METHODS: We preformed fluorescence-activated cell sorting (FACS) of CSF immune cell populations derived from individuals who experienced pain with neuropathic features. We sorted CD4+, CD8+ T cells and monocytes and analyzed their transcriptome using RNA sequencing. We also performed Cellular Indexing of Transcriptomes and Epitopes (CITE) sequencing to characterize the expression of all CSF immune cells in a patient with postherpetic neuralgia and in a patient with neuropathic pain after failed back surgery.

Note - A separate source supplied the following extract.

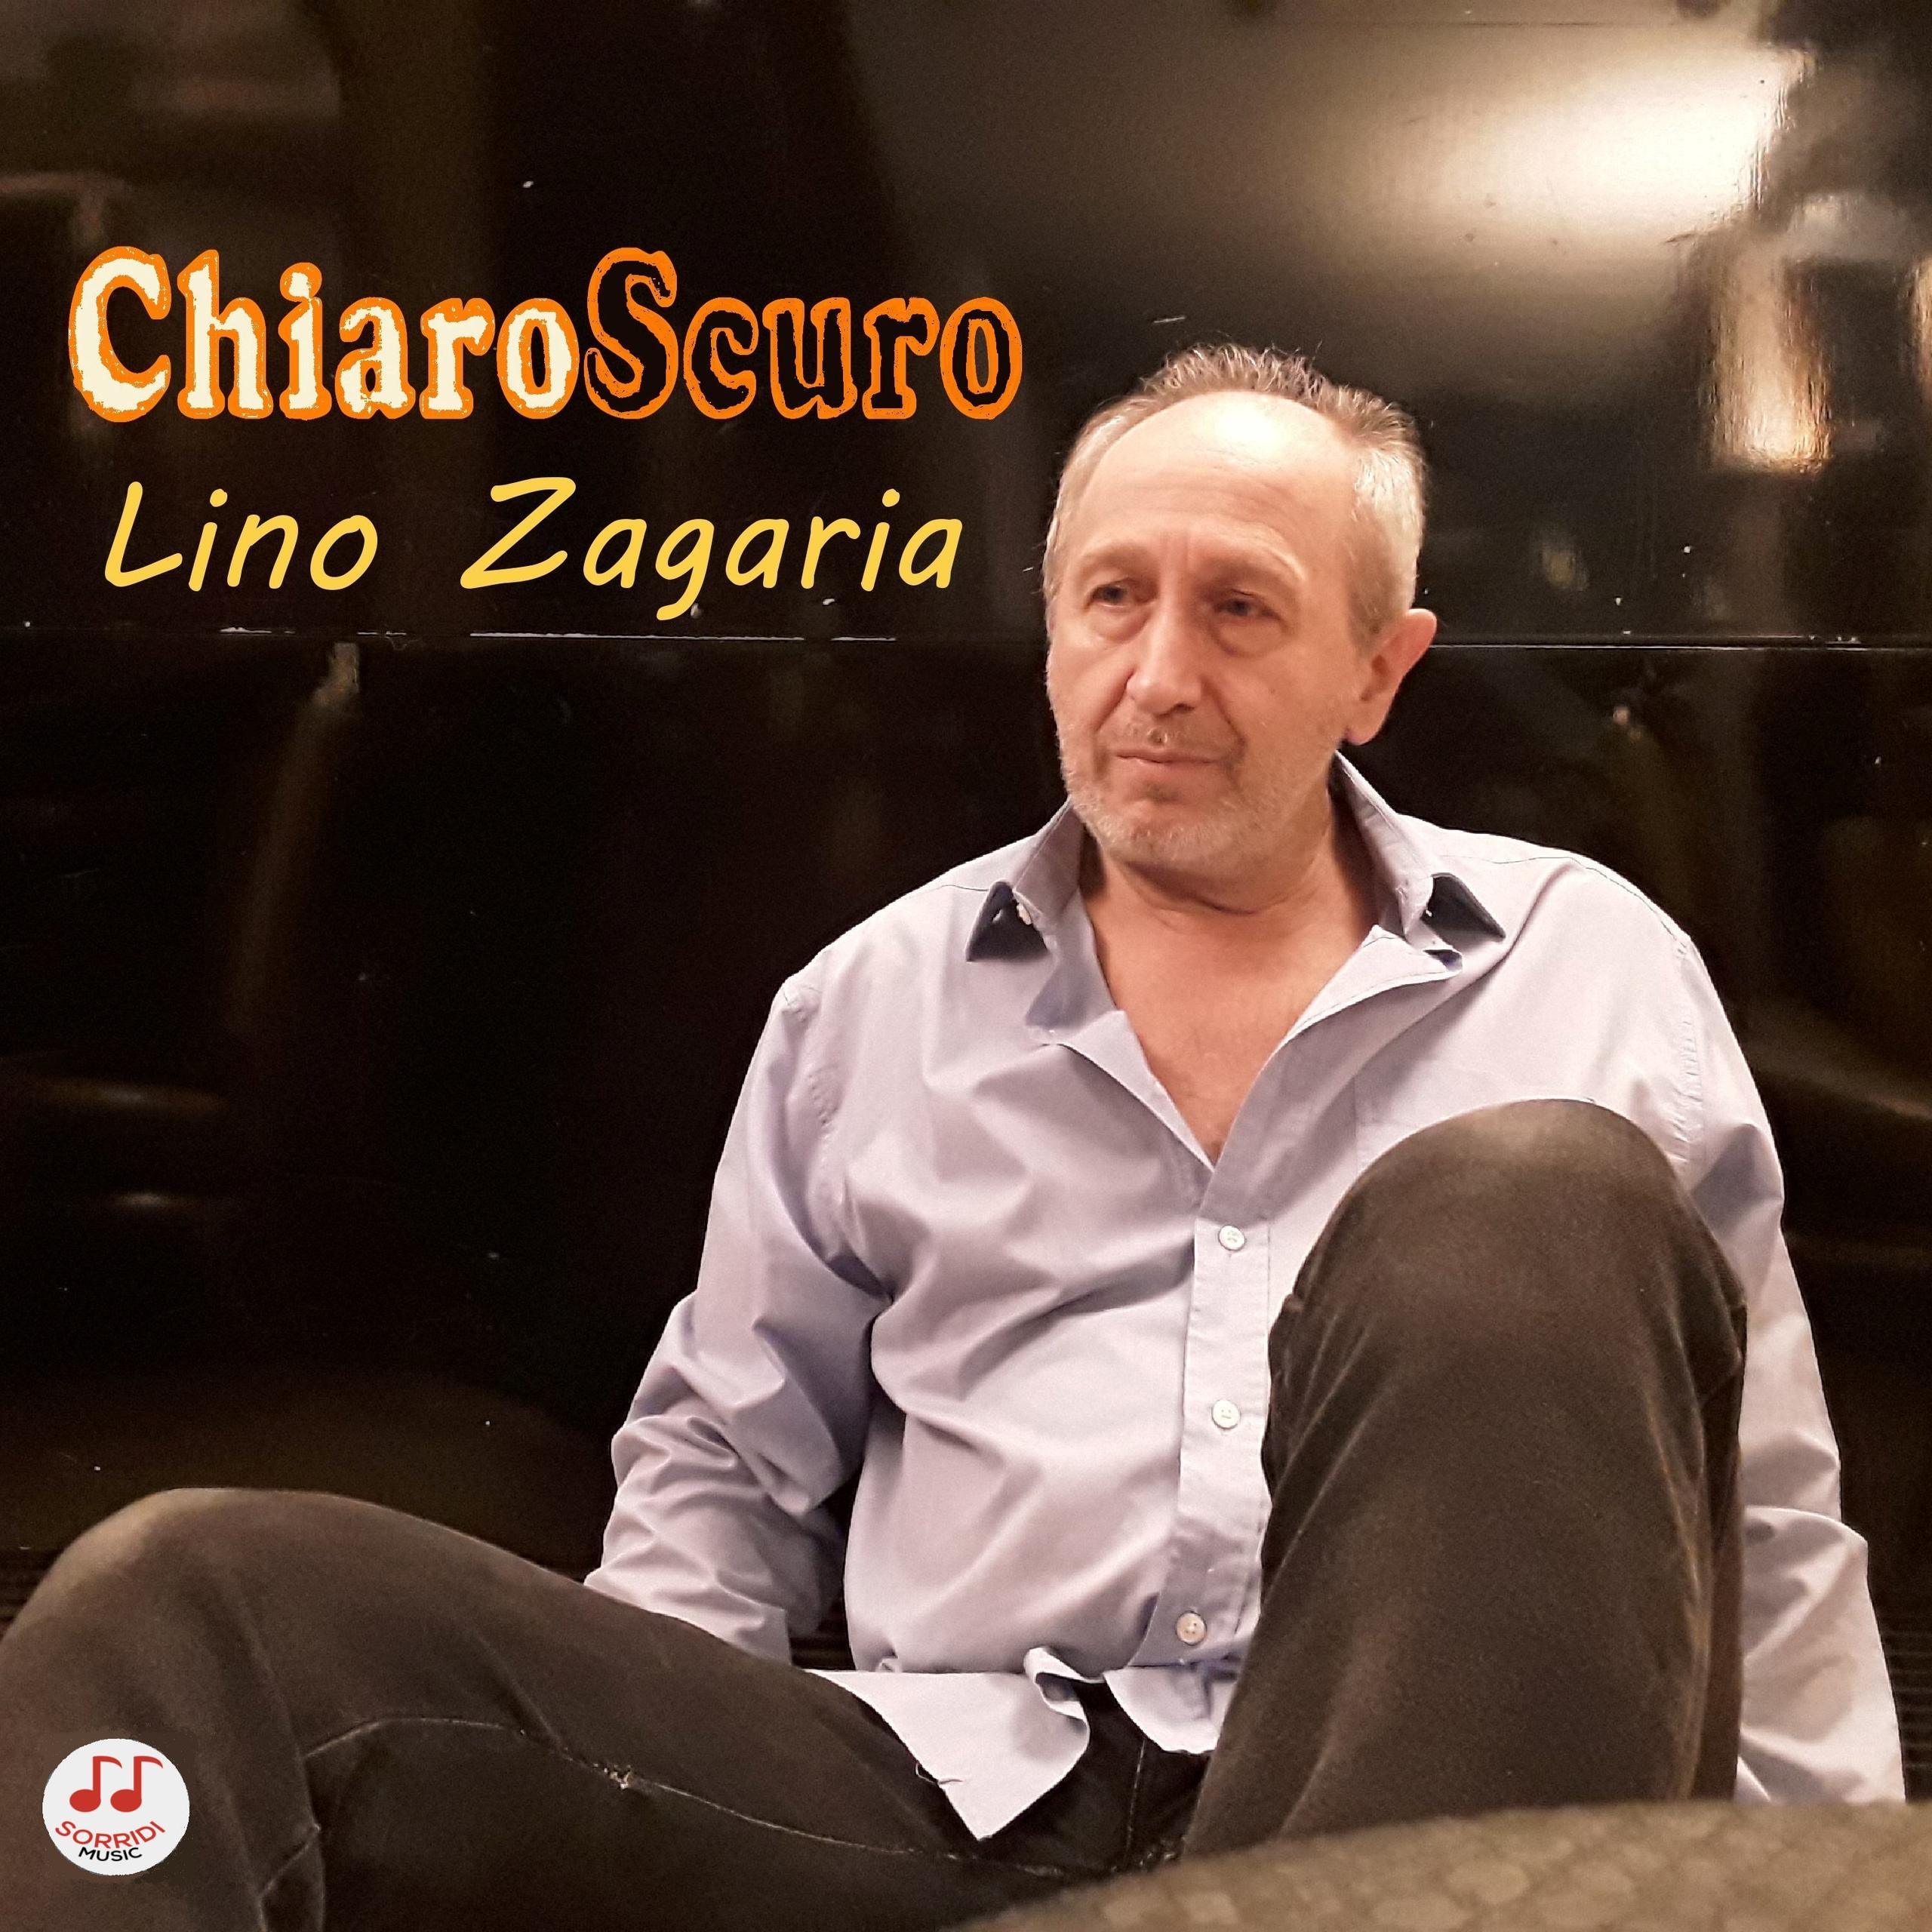 Chiaro Scuro - Lino Zagaria

RESULTS: Immune cell numbers and phenotypes were not obviously different between individuals regardless of the etiology of their pain. This was true when examining our own dataset, as well as when comparing it to previously published single-cell RNA sequencing data of human CSF. In all instances, CSF monocytes showed expression of myeloid cell markers commonly associated with microglia ( P2RY12, TMEM119 and OLFML3), which will make it difficult to ascertain the origin of CSF proteins: do they derive directly from circulating CSF monocytes or could some originate in spinal cord microglia in the parenchyma?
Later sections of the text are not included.